Alfven waves in coronal holes: formation of discontinuities in inhomogeneous magnetic fields

Context. Solar wind fluctuations are characterized by discontinuities. The nature and properties of these structures have been largely studied in the literature, and different mechanisms have been proposed to explain their formation. Aims. We investigate the evolution of Alfvenic perturbations propagating in the inhomogeneous magnetic field of a coronal open-field region, in order to study both the way that small-scale structures are generated and the possible formation of discontinuities. Methods. We constructed a model for the equilibrium magnetic field in a coronal hole. The model represents a potential field with a complex structure: regions of opposite polarity or of only the dominant polarity are present at low or high altitudes, respectively.
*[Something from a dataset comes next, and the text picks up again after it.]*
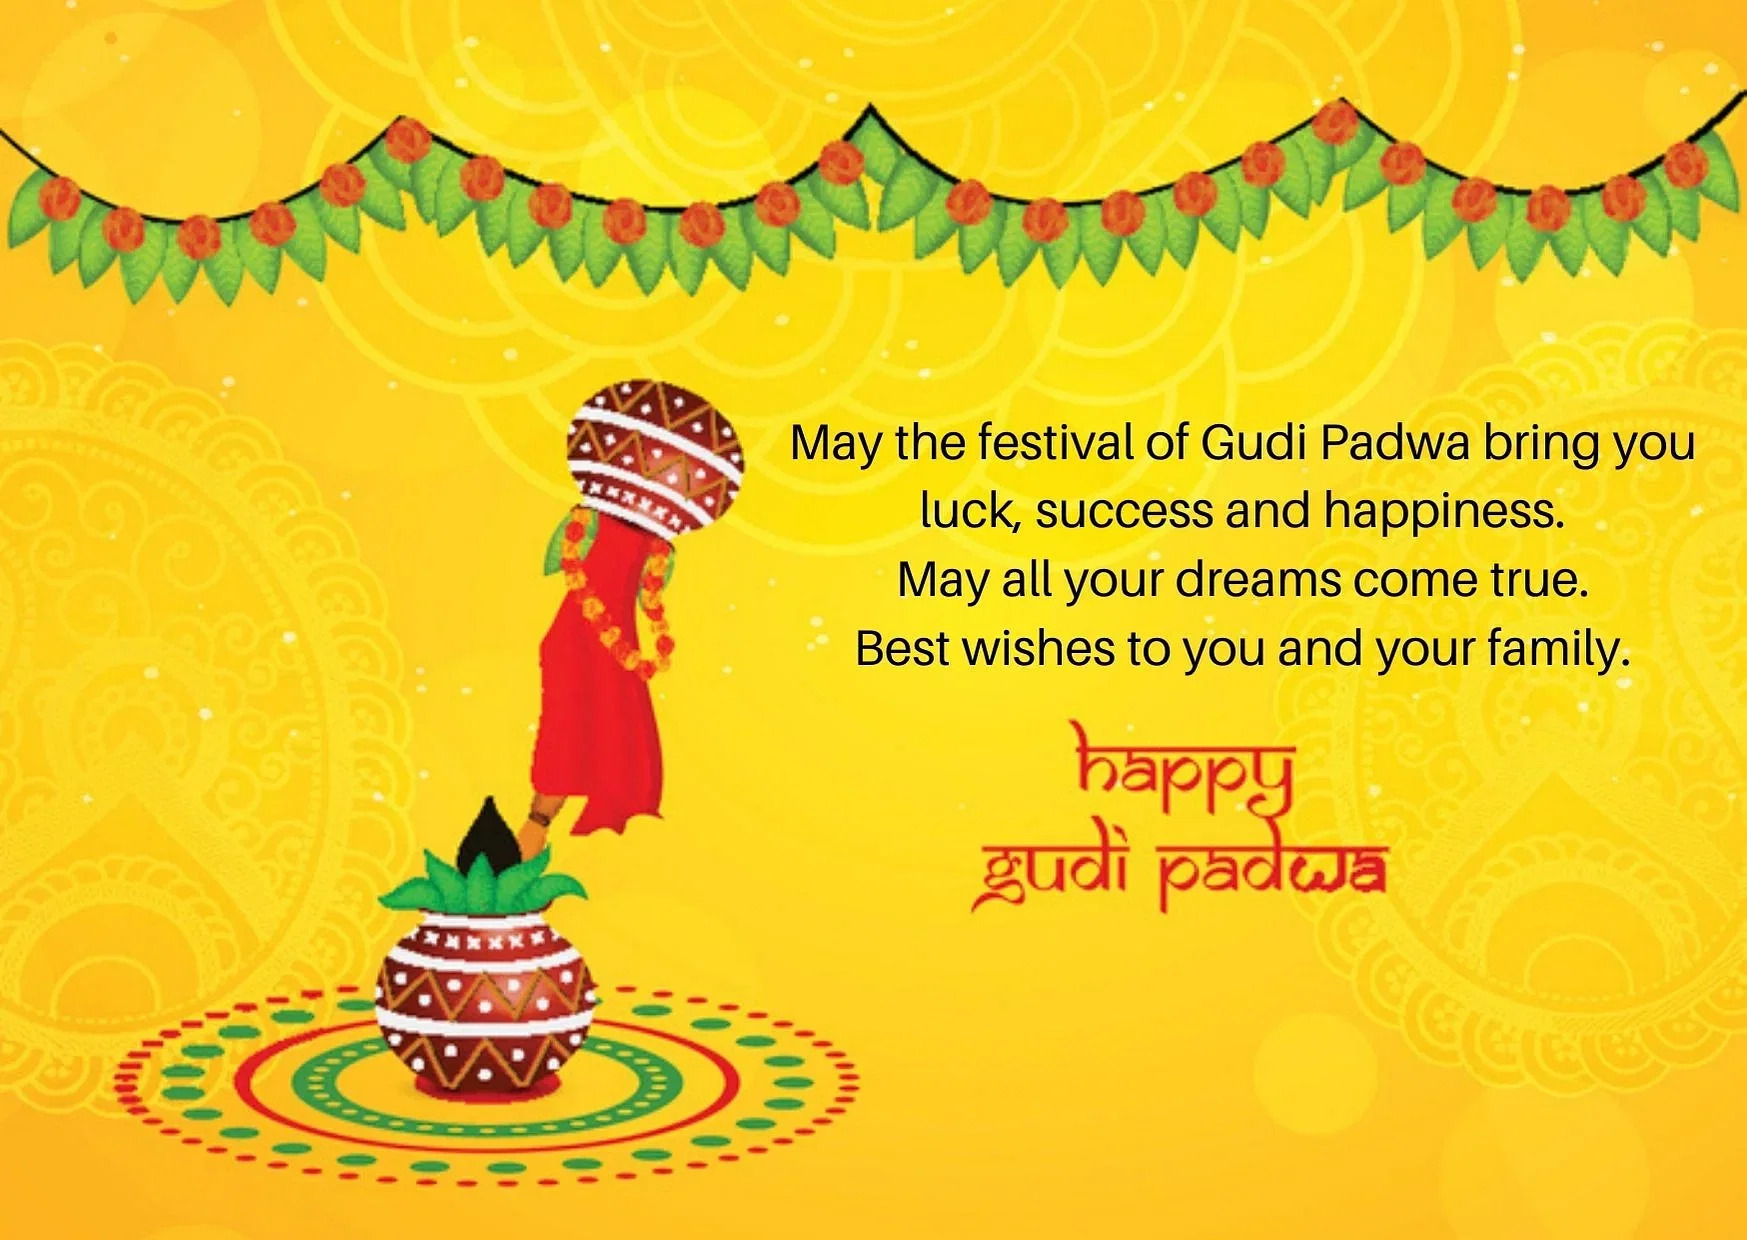 Happy Gudi Padwa

The evolution of small-amplitude Alfven waves in the inhomogeneous structure is studied by employing a WKB approach that describes how the perturbation wavevector and the wave phase vary along magnetic lines. Results. We find that small-scale structures form in the perturbation at relatively low altitudes (similar to 3 x 10(4) km) above the coronal base. An initially monochromatic perturbation develops a steep power-law spectrum with slope alpha similar or equal to 2.3, which is strongly anisotropic with a predominance of quasi-perpendicular wavevectors. Small-scale structures are localized around separatrices of the magnetic structures. In many cases they contain quasi-perpendicular rotational discontinuities that can propagate to the upper corona, eventually reaching the solar wind. Conclusions. The considered mechanism could be responsible for forming a fraction of the population of discontinuities detected in the solar wind.